This exercise calls for an exact copy of the listing, with no pictures kept.

Data below:

——

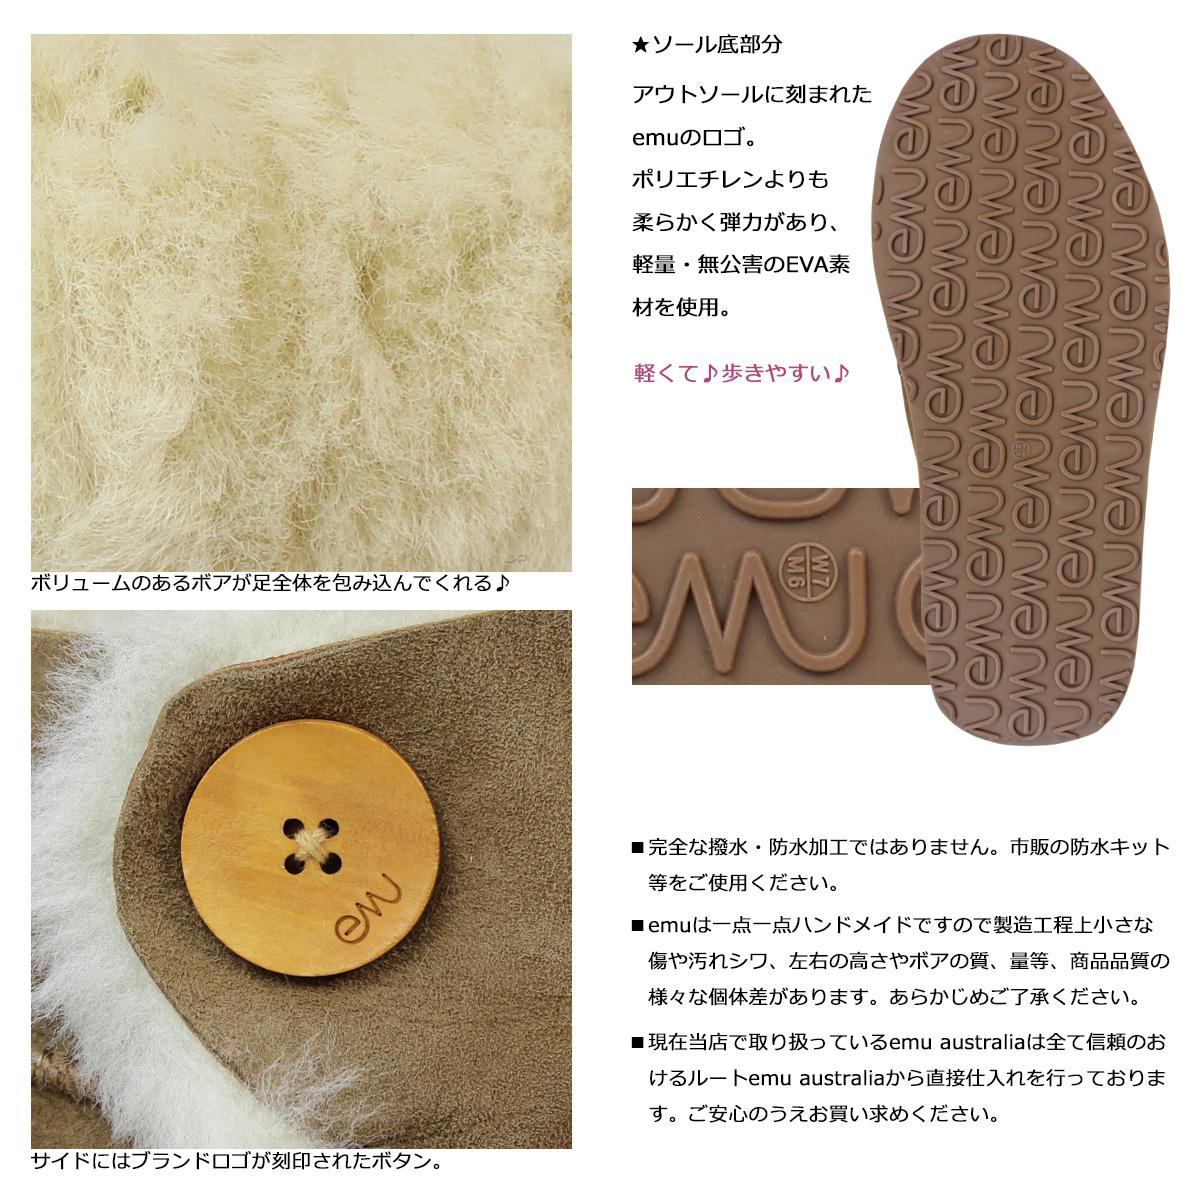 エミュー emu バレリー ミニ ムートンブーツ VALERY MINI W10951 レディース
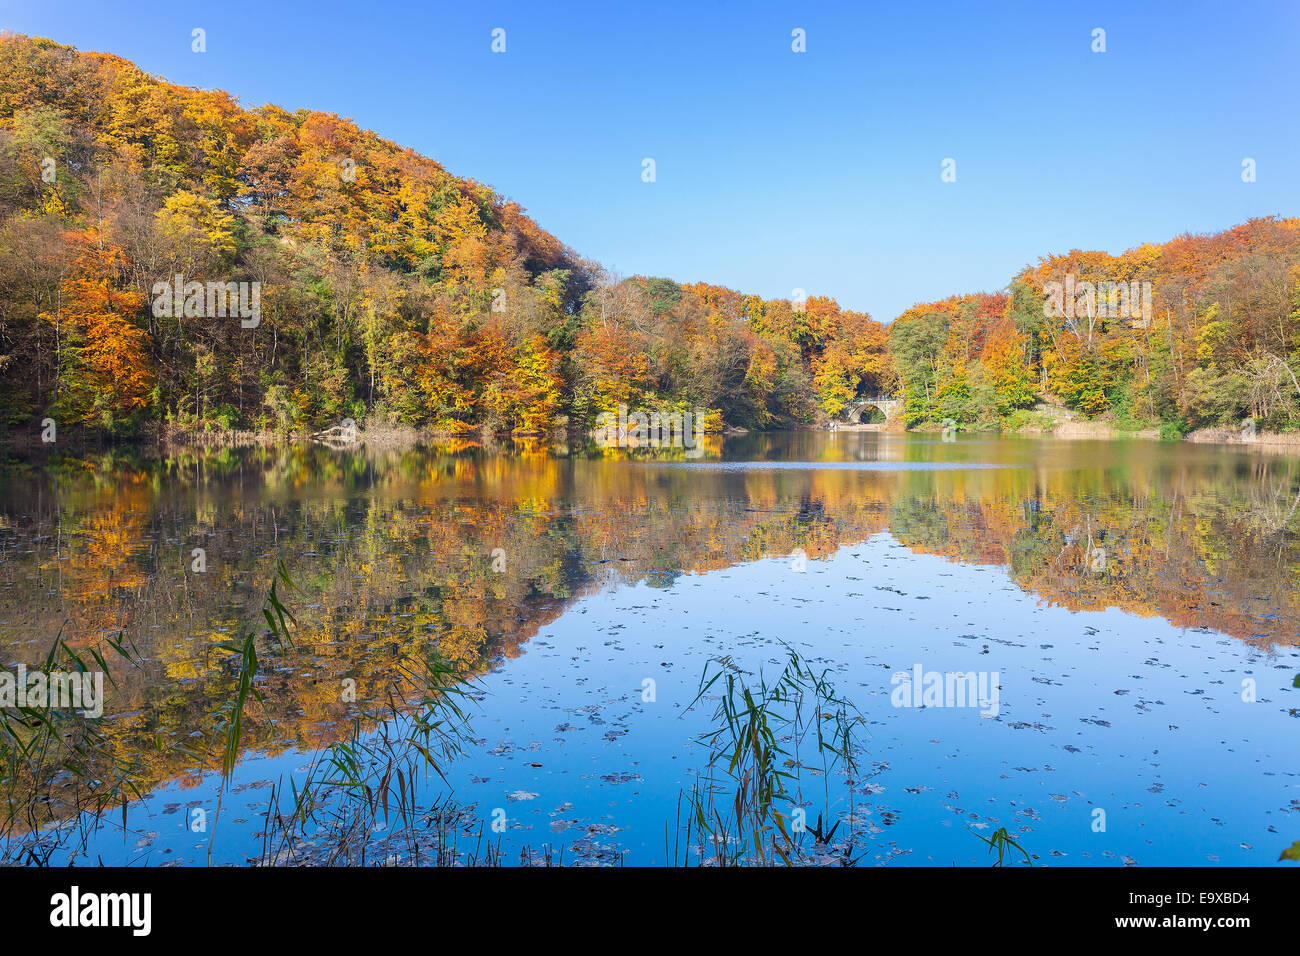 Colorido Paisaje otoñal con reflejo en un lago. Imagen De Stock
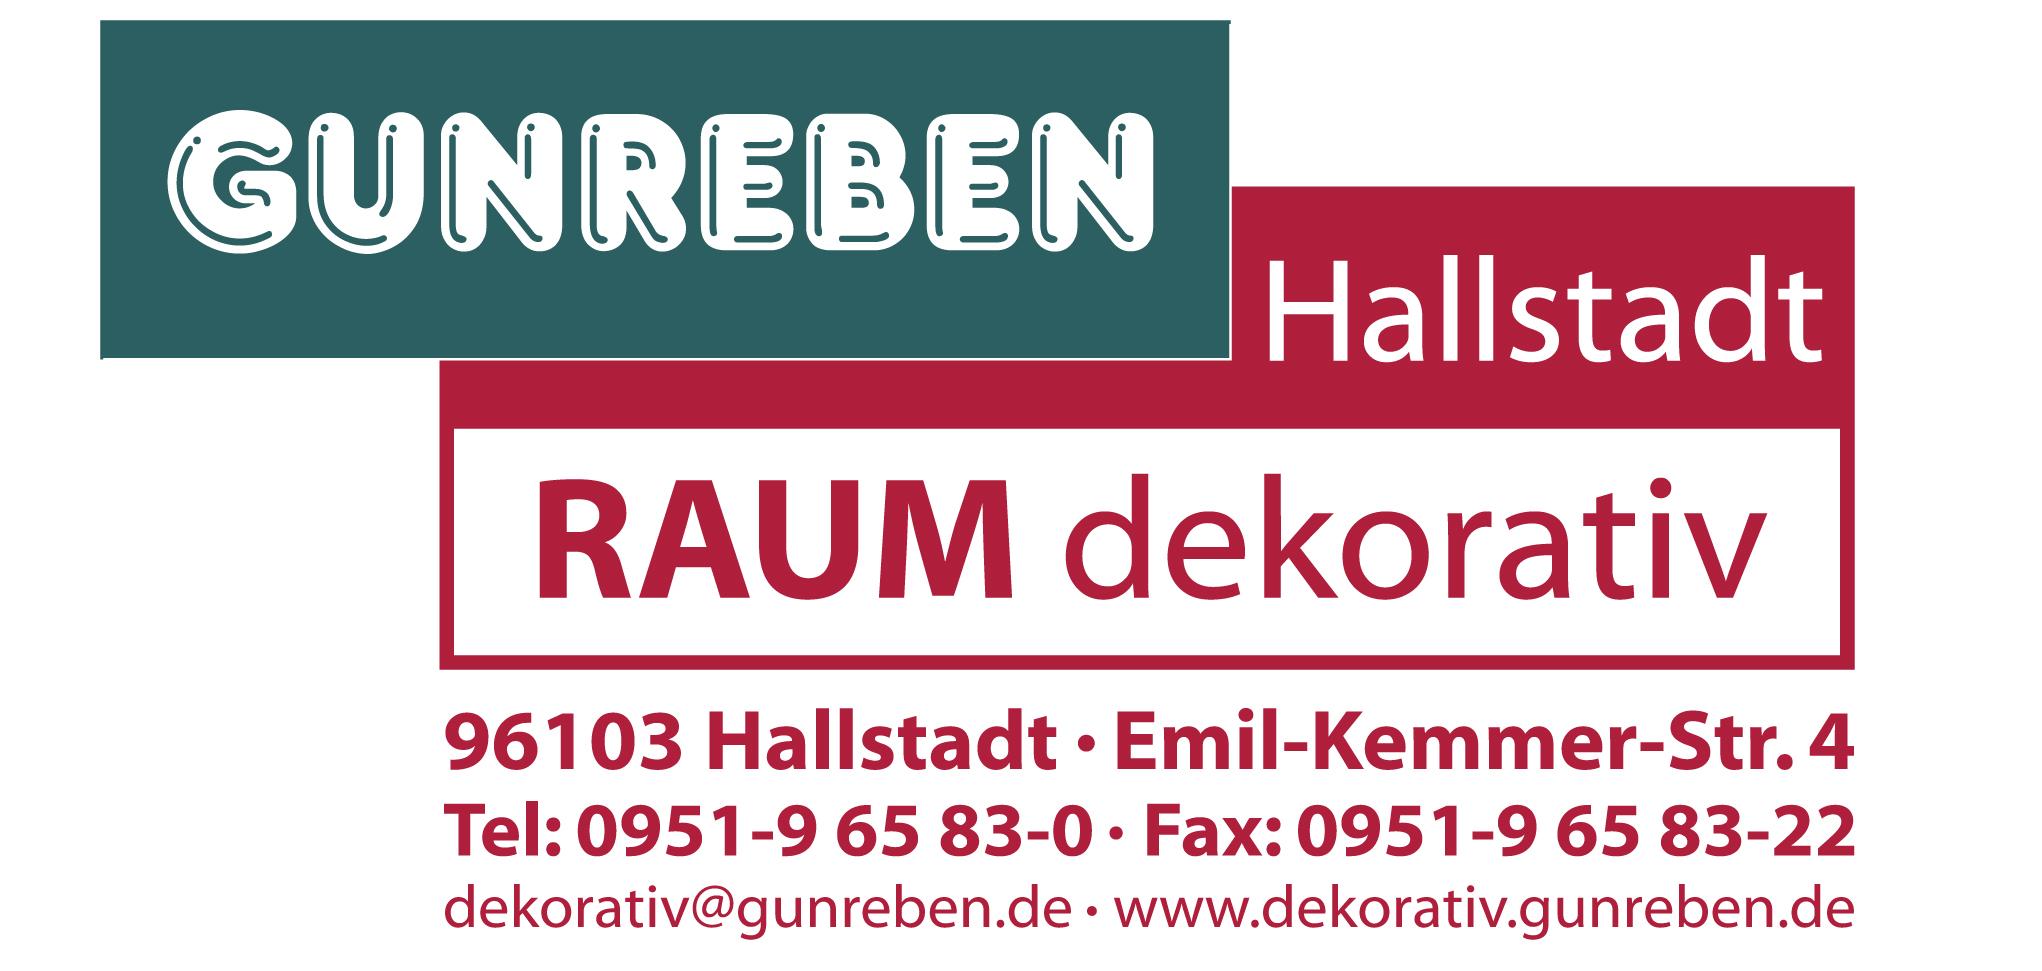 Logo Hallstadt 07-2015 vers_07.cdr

——

Response area:
 エミュー emu バレリー ミニ ムートンブーツ VALERY MINI W10951 レディース
 Colorido Paisaje otoñal con reflejo en un lago. Imagen De Stock
 Logo Hallstadt 07-2015 vers_07.cdr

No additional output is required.